BEGIN EXERCISE MATERIALS

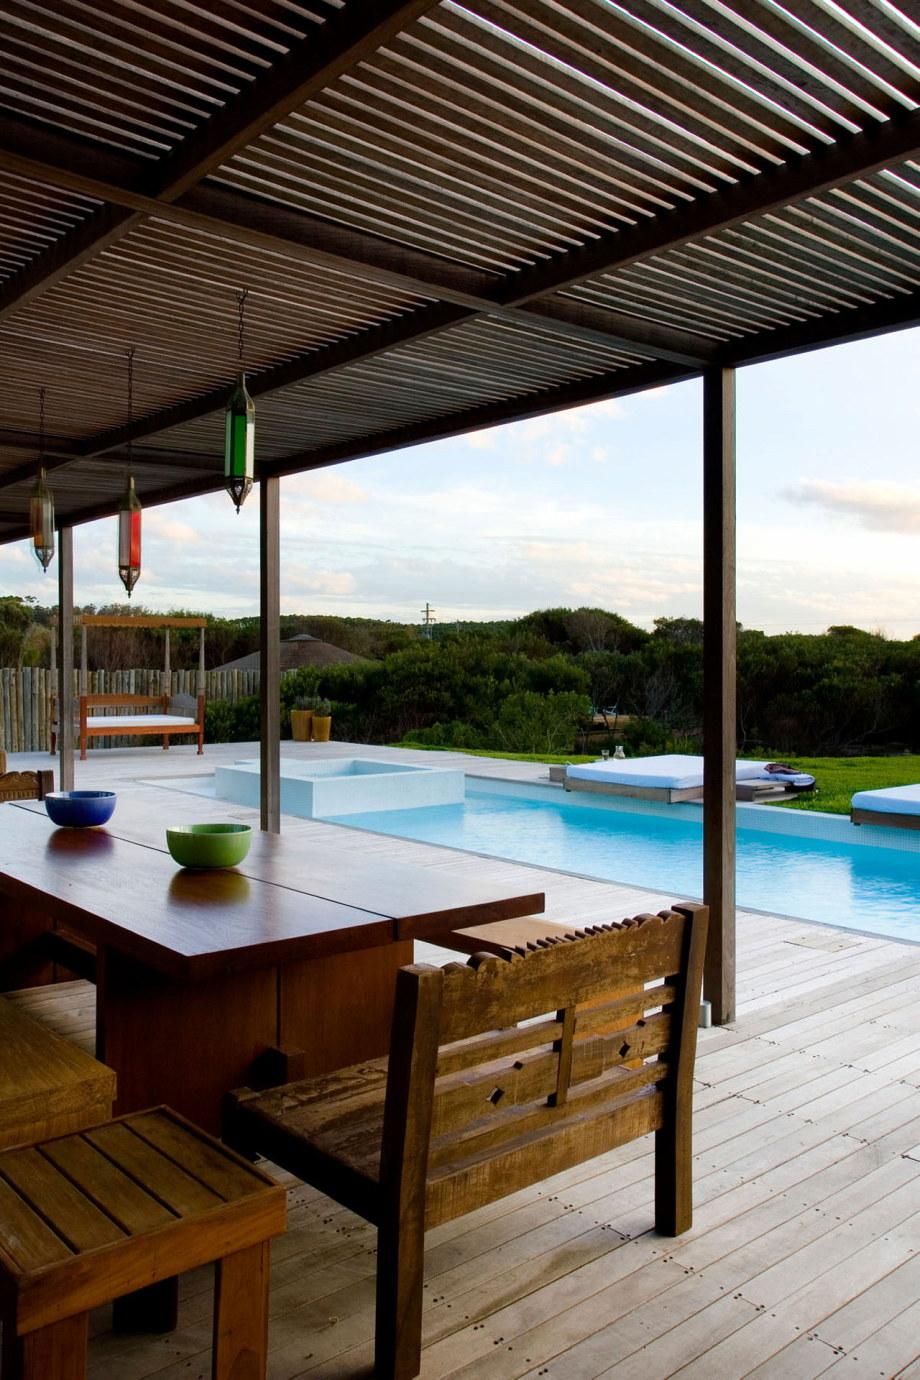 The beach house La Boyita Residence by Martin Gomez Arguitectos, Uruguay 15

END EXERCISE MATERIALS
BEGIN EXERCISE MATERIALS

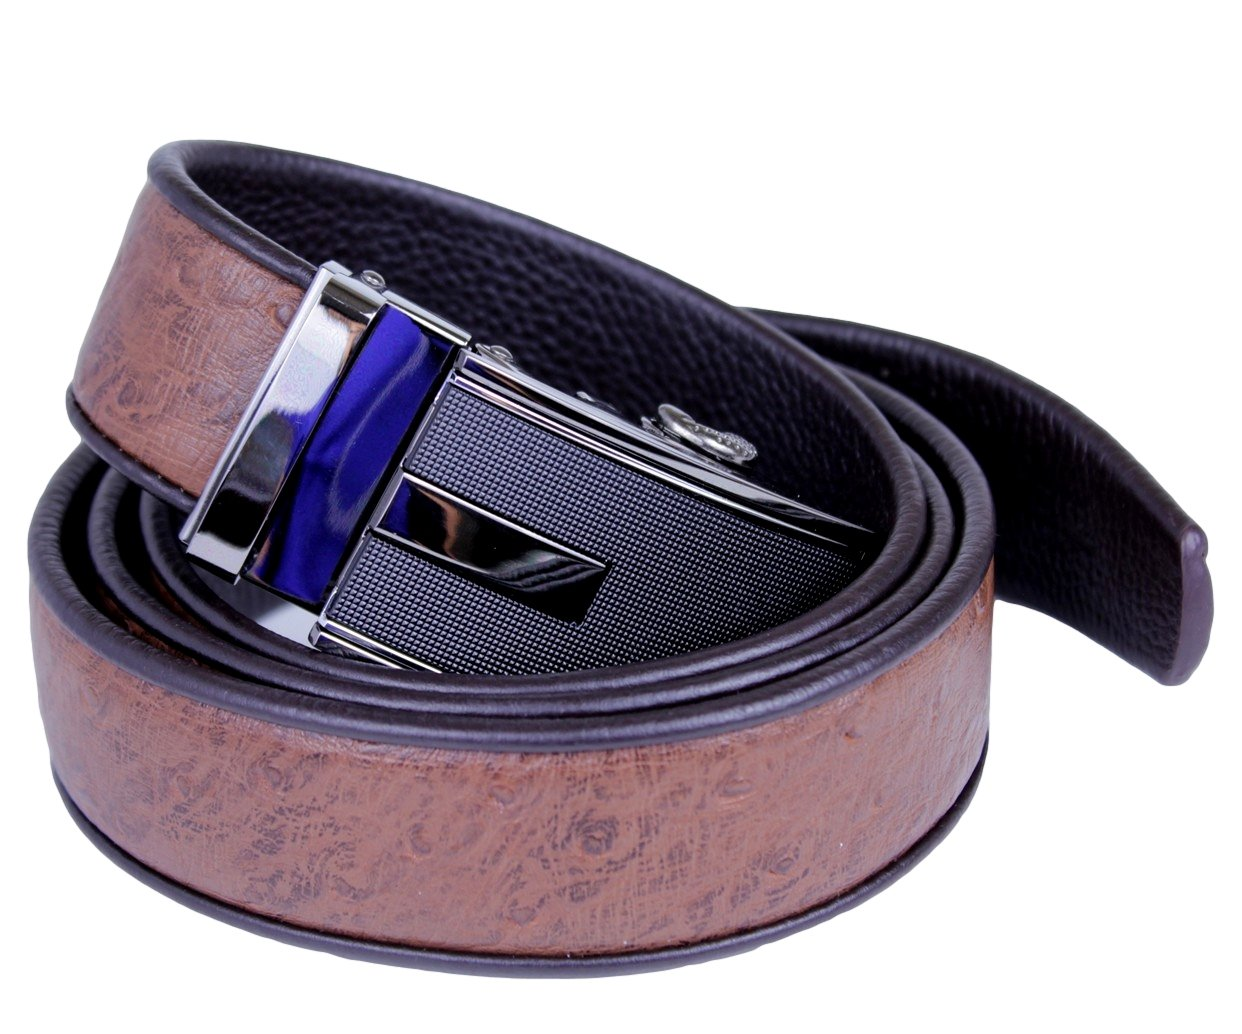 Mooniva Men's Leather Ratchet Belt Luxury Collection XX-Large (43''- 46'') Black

END EXERCISE MATERIALS
BEGIN EXERCISE MATERIALS

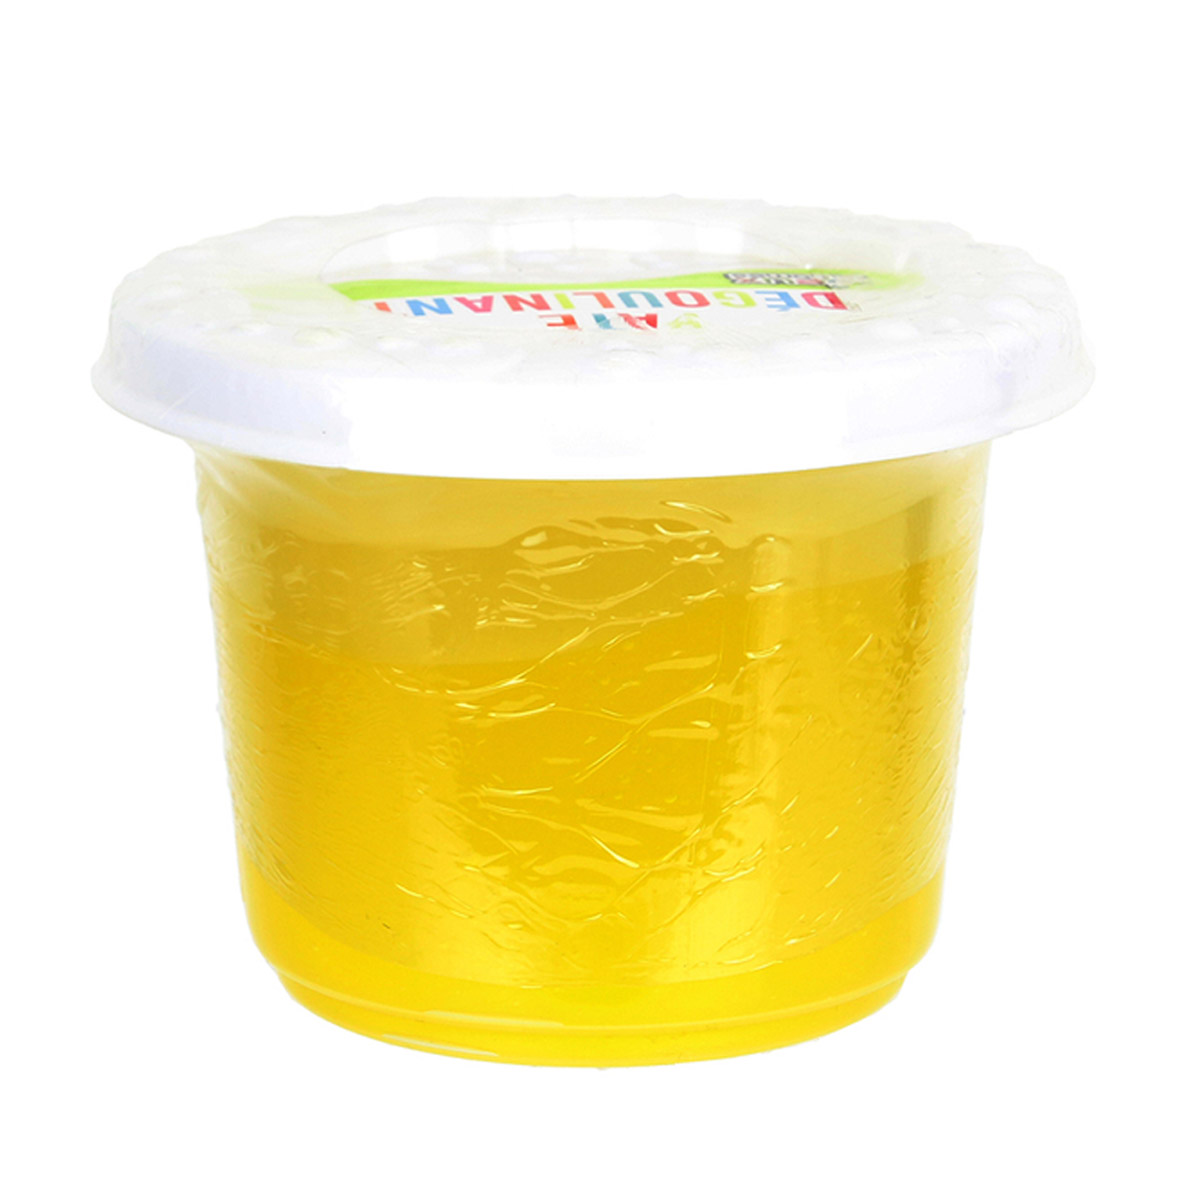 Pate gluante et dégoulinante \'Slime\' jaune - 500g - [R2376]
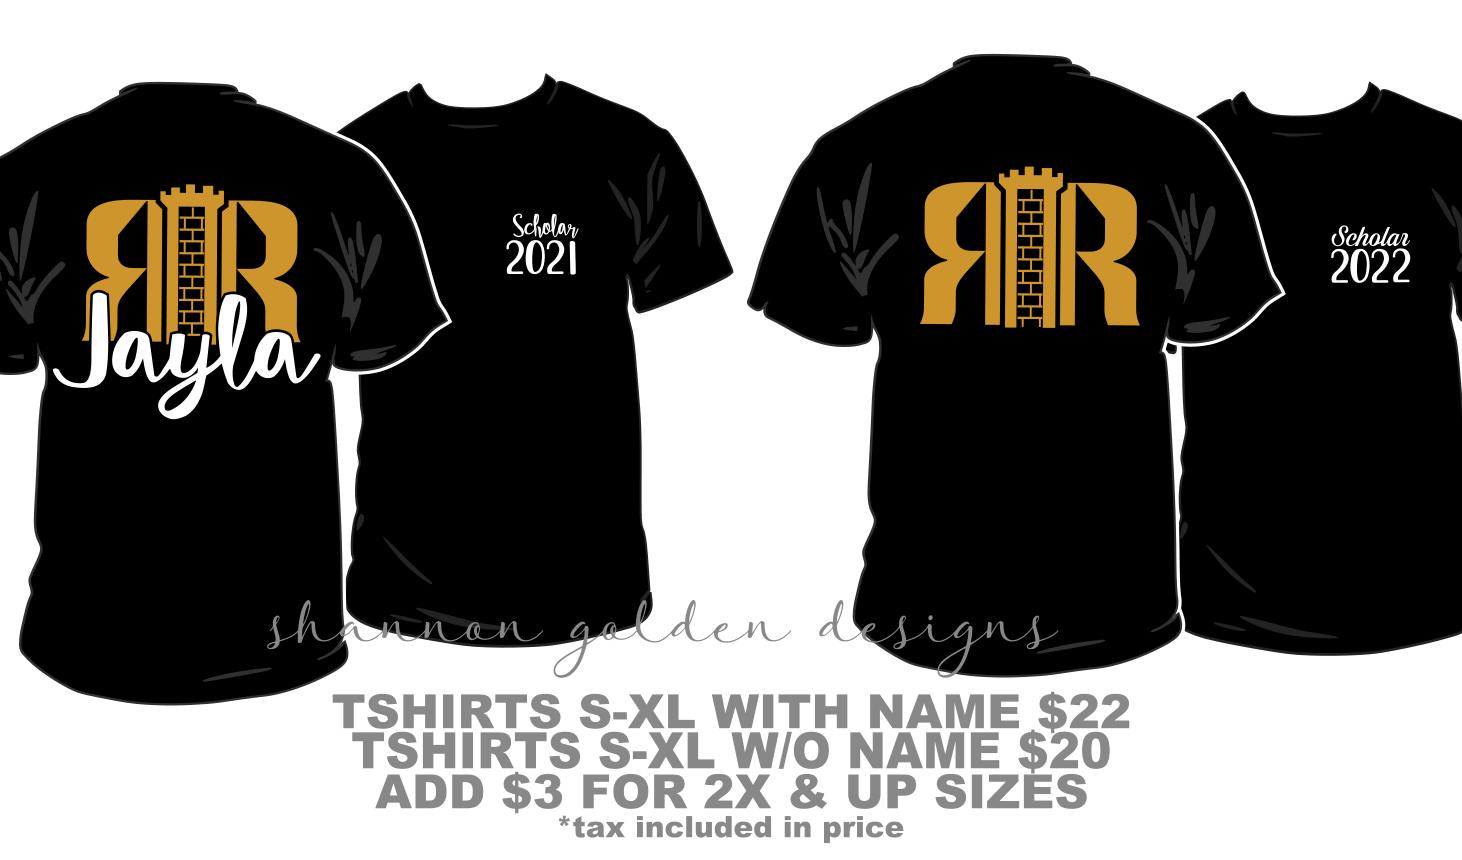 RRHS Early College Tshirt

END EXERCISE MATERIALS

• TASK GOAL
Look above for the line with "Pate gluante et" and the line with "RRHS Early College Tshirt". Output those two and everything between them exactly, pictures excluded.

• OUTPUT
 Pate gluante et dégoulinante \'Slime\' jaune - 500g - [R2376]
 RRHS Early College Tshirt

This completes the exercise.